* [Required action]:
Leaving out the pictures, please retype each record exactly.

[Entries taken from a collection]
- - -
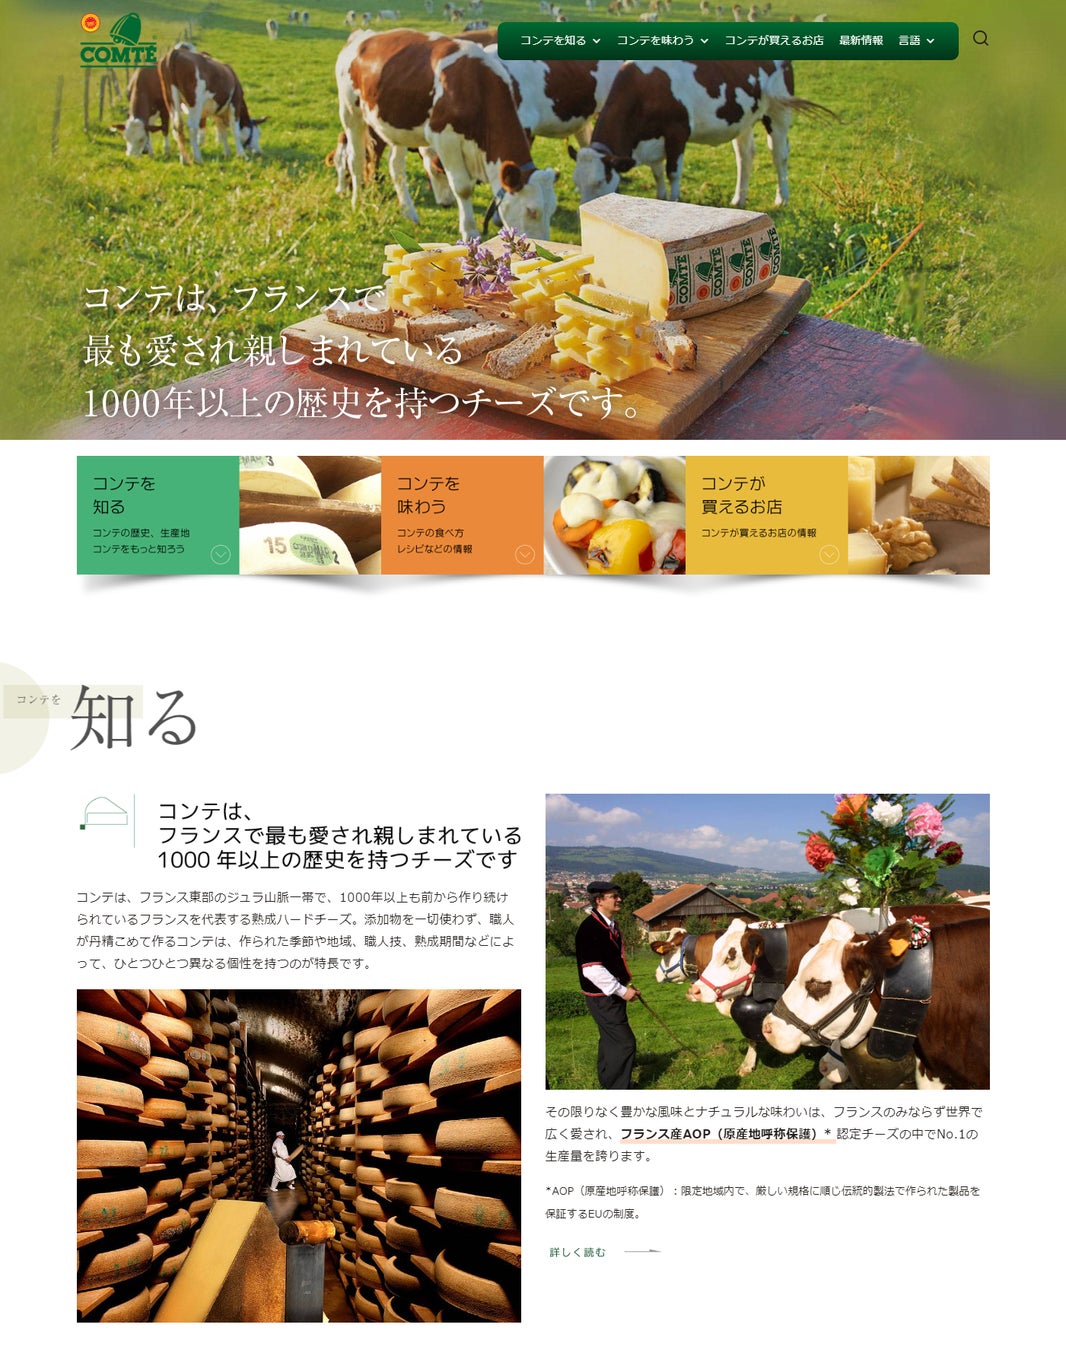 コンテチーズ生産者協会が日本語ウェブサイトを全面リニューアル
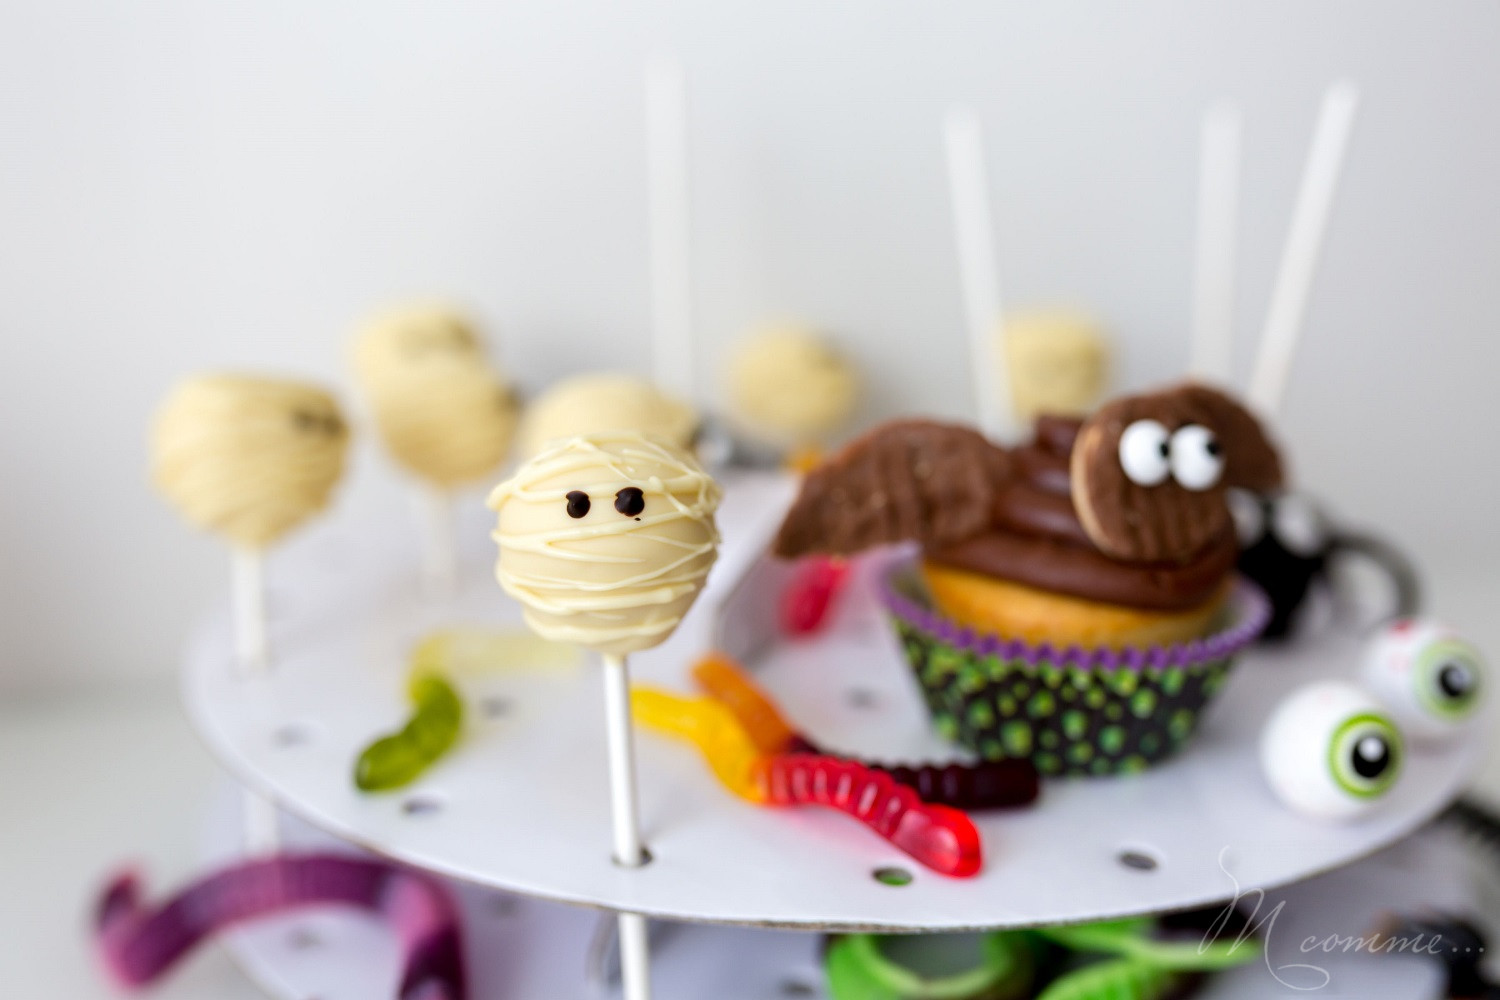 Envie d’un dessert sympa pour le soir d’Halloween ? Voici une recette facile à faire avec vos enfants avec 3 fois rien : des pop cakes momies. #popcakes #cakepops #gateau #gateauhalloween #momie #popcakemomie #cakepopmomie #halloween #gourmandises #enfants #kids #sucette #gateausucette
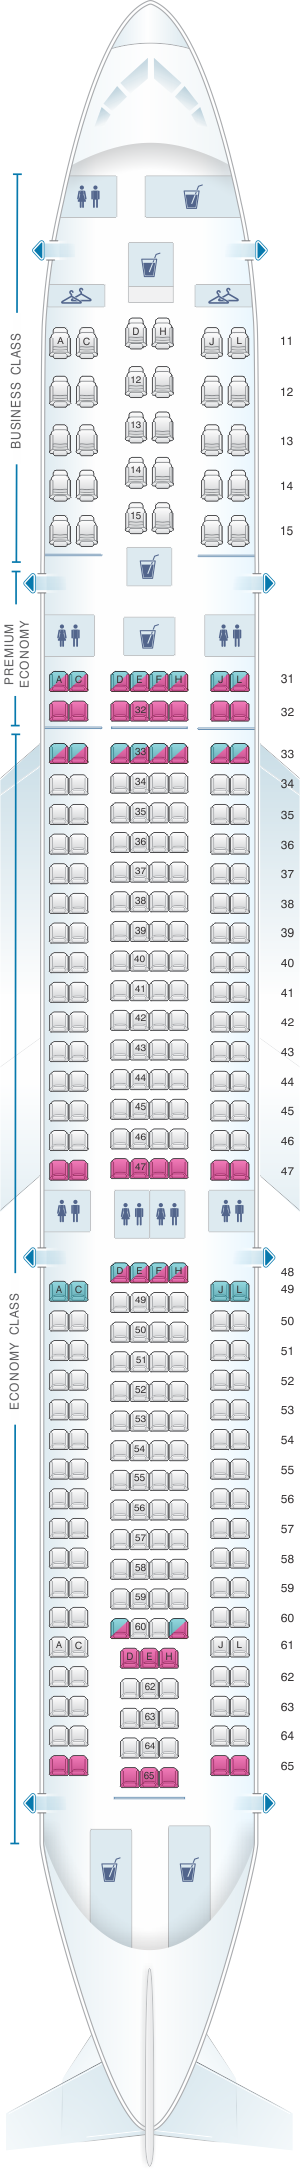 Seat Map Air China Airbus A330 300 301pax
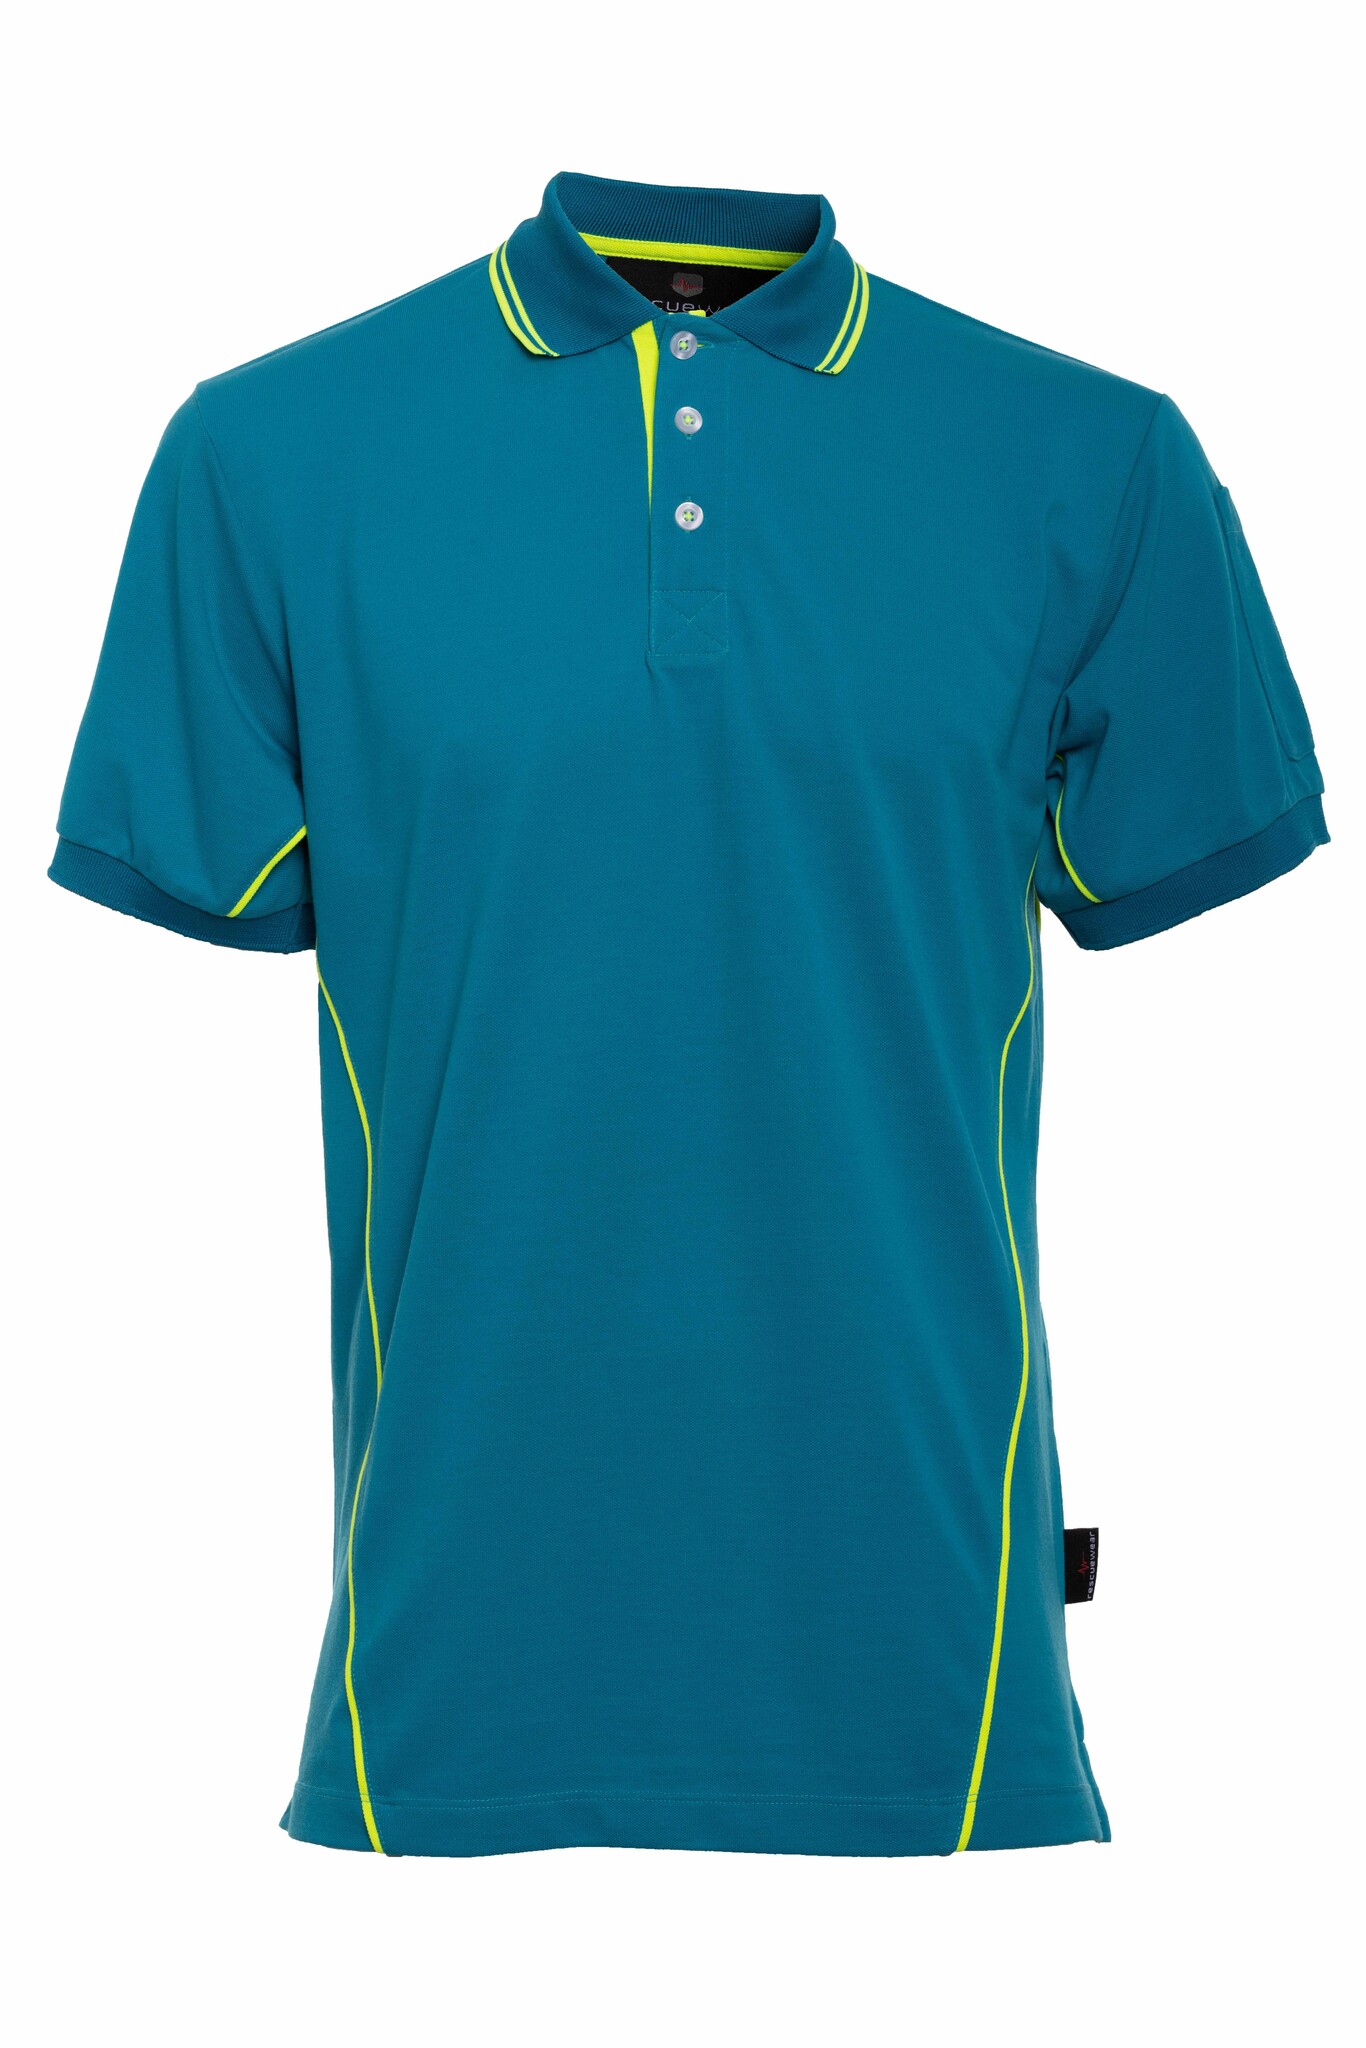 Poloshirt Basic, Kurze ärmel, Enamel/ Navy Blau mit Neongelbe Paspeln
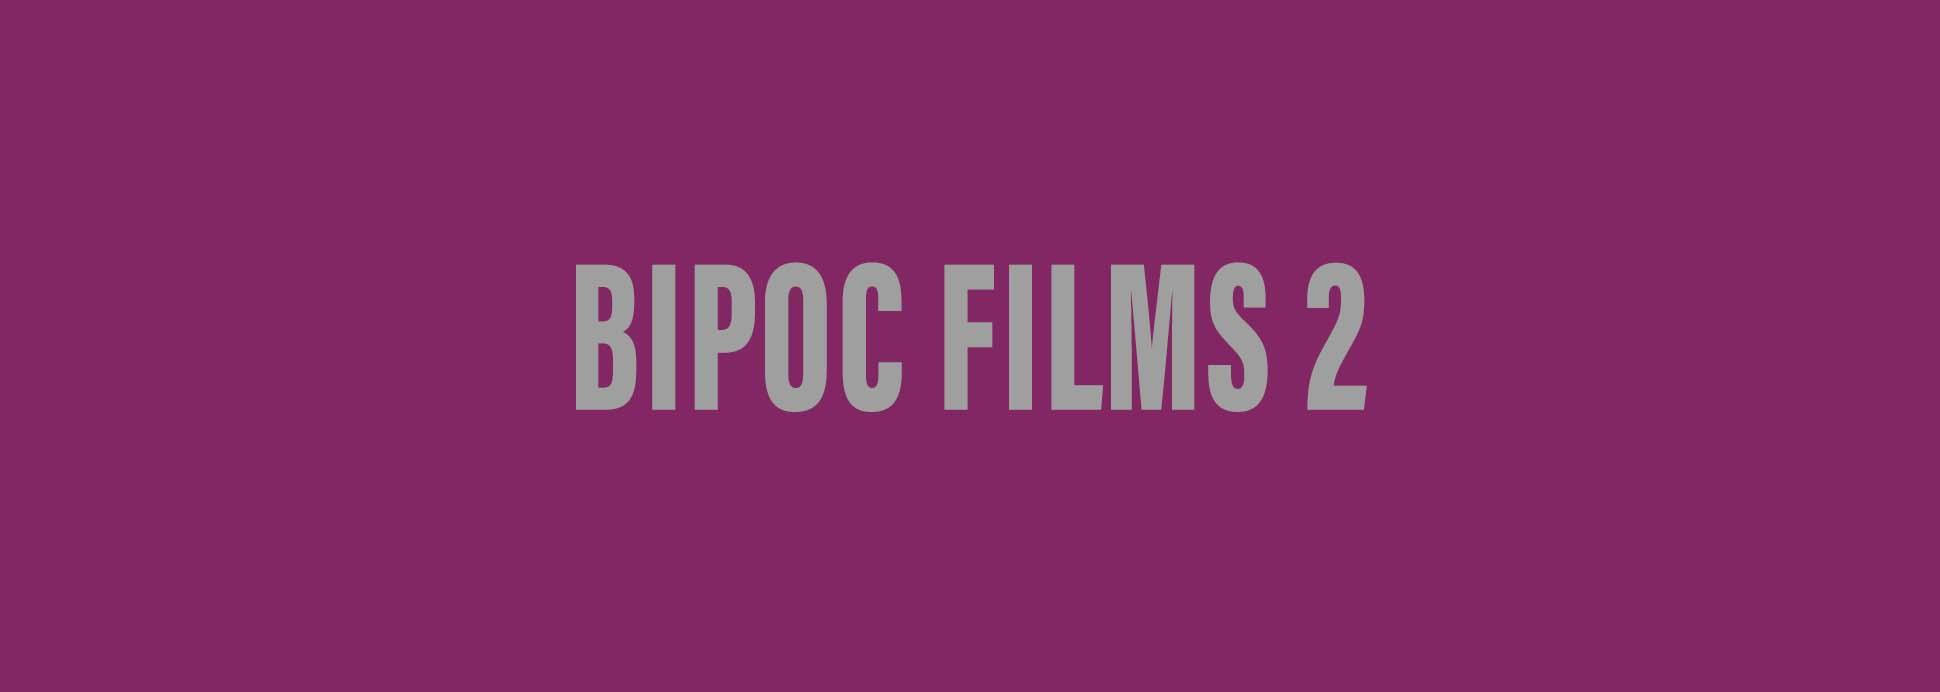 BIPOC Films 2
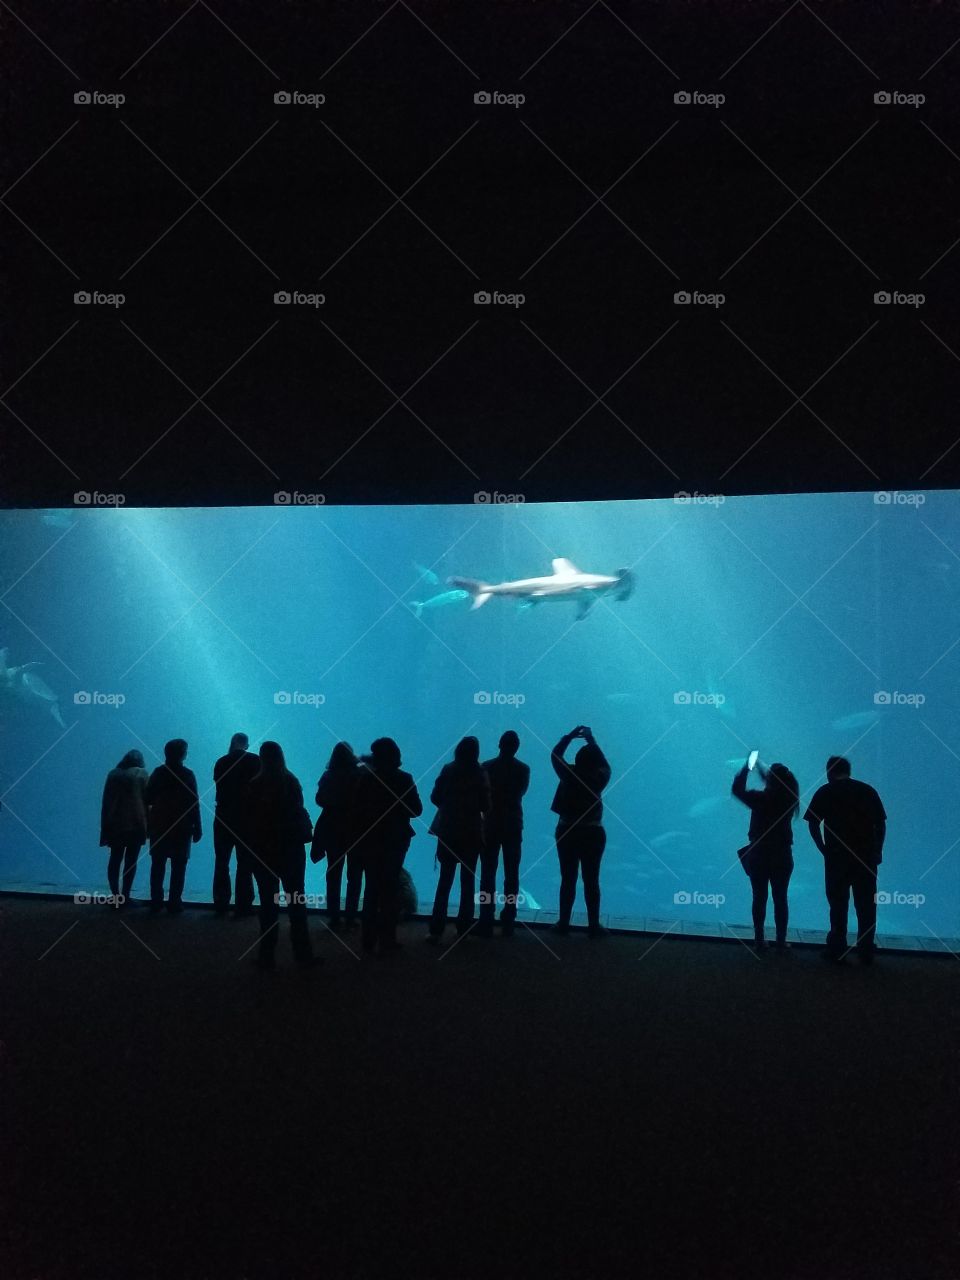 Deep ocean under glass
- - -
* [Exercise solution]:
 コンテチーズ生産者協会が日本語ウェブサイトを全面リニューアル
 Envie d’un dessert sympa pour le soir d’Halloween ? Voici une recette facile à faire avec vos enfants avec 3 fois rien : des pop cakes momies. #popcakes #cakepops #gateau #gateauhalloween #momie #popcakemomie #cakepopmomie #halloween #gourmandises #enfants #kids #sucette #gateausucette
 Seat Map Air China Airbus A330 300 301pax
 Poloshirt Basic, Kurze ärmel, Enamel/ Navy Blau mit Neongelbe Paspeln
 BIPOC Films 2
 Deep ocean under glass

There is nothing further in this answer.